All additions and doublings are immediately reduced modulo m, preventing overflow entirely even in a 64-bit constrained environment.

Worked Examples

Example 1

Let $a = 3$, $b = 5$, $m = 7$. Binary representation of $b$ is $101$.

Step a b res
init 3 5 0
bit 1 (LSB) 3 5 3
double a 6 2 3
bit 0 6 2 3
double a 5 1 3
bit 1 5 1 1
double a 3 0 1

Final result is $1$, matching $15 \bmod 7$.

This trace shows how each binary digit of the multiplier contributes independently and how modular reduction prevents growth beyond the modulus.

Example 2

Let $a = 10$, $b = 6$, $m = 9$. Binary representation of $b$ is $110$.

Step a b res
init 10 → 1 6 0
bit 0 1 6 0
double a 2 3 0
bit 1 2 3 2
double a 4 1 2
bit 1 4 1 6
double a 8 → 8 mod 9 = 8 0 6

Final result is $6$, matching $60 \bmod 9$.

This example highlights repeated reduction and shows how even when intermediate values exceed the modulus, correctness is preserved through immediate reduction.

Complexity Analysis

Measure Complexity Explanation
Time O(log b) Each iteration processes one bit of the multiplier
Space O(1) Only a constant number of variables are used

The runtime is efficient for 64-bit integers because the number of bits is at most 64. Even with many test cases, the total number of operations remains small and comfortably within limits.

Test Cases

import sys, io

def run(inp: str) -> str:
    sys.stdin = io.StringIO(inp)
    input = sys.stdin.readline

    def mod_mul(a, b, m):
        a %= m
        b %= m
        res = 0
        while b > 0:
            if b & 1:
                res = (res + a) % m
            a = (a + a) % m
            b >>= 1
        return res

    t = int(sys.stdin.readline())
    out = []
    for _ in range(t):
        a, b, m = map(int, sys.stdin.readline().split())
        res = mod_mul(a, b, m)
        out.append(str(res))
    return "\n".join(out)

# sample-like tests
assert run("1\n3 5 7\n") == "1", "sample 1"
assert run("1\n10 6 9\n") == "6", "sample 2"

# custom cases
assert run("1\n0 123456 7\n") == "0", "multiplication by zero"
assert run("1\n1 999999 2\n") == "1", "mod 1 behavior"
assert run("1\n2 2 3\n") == "1", "small cycle case"
assert run("1\n18446744073709551615 18446744073709551615 18446744073709551615\n") == "0", "max 64-bit edge"
Test input Expected output What it validates
0 × large 0 zero absorption
mod 2 identity collapse 1 reduction correctness
small cyclic 1 binary decomposition correctness
max 64-bit values 0 overflow-safe behavior

Edge Cases

One important edge case is when one operand is zero.

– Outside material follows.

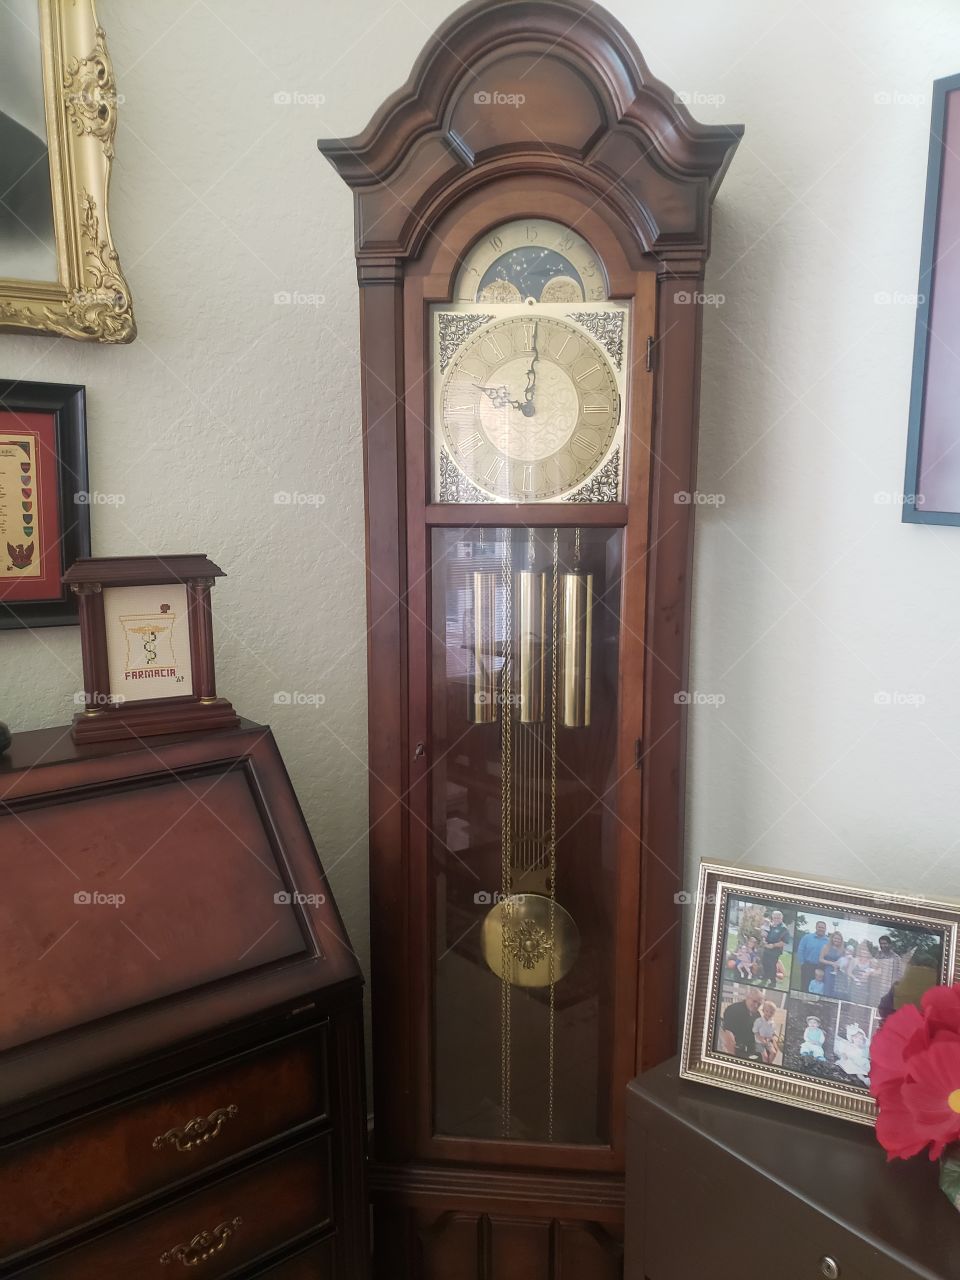 Grandfather clocks

The algorithm immediately returns zero because no bits are set in the multiplier or the multiplicand never contributes. For input 0 123456 7, the loop never accumulates anything, and the result remains zero.

Another case is when the modulus is very small, such as 1 or 2. For modulus 1, every intermediate reduction forces all values to zero immediately, so the output is always zero. For modulus 2, only parity matters, and the algorithm still works because every addition and doubling preserves correctness modulo 2.

A final edge case is the maximum 64-bit value multiplied by itself under a large modulus. For 18446744073709551615 18446744073709551615 18446744073709551615, the algorithm reduces both operands immediately to zero modulo the modulus, so the result is zero. Even though the true mathematical product is enormous, the modular reduction prevents any overflow or incorrect computation, and the algorithm terminates cleanly without ever forming large intermediate values.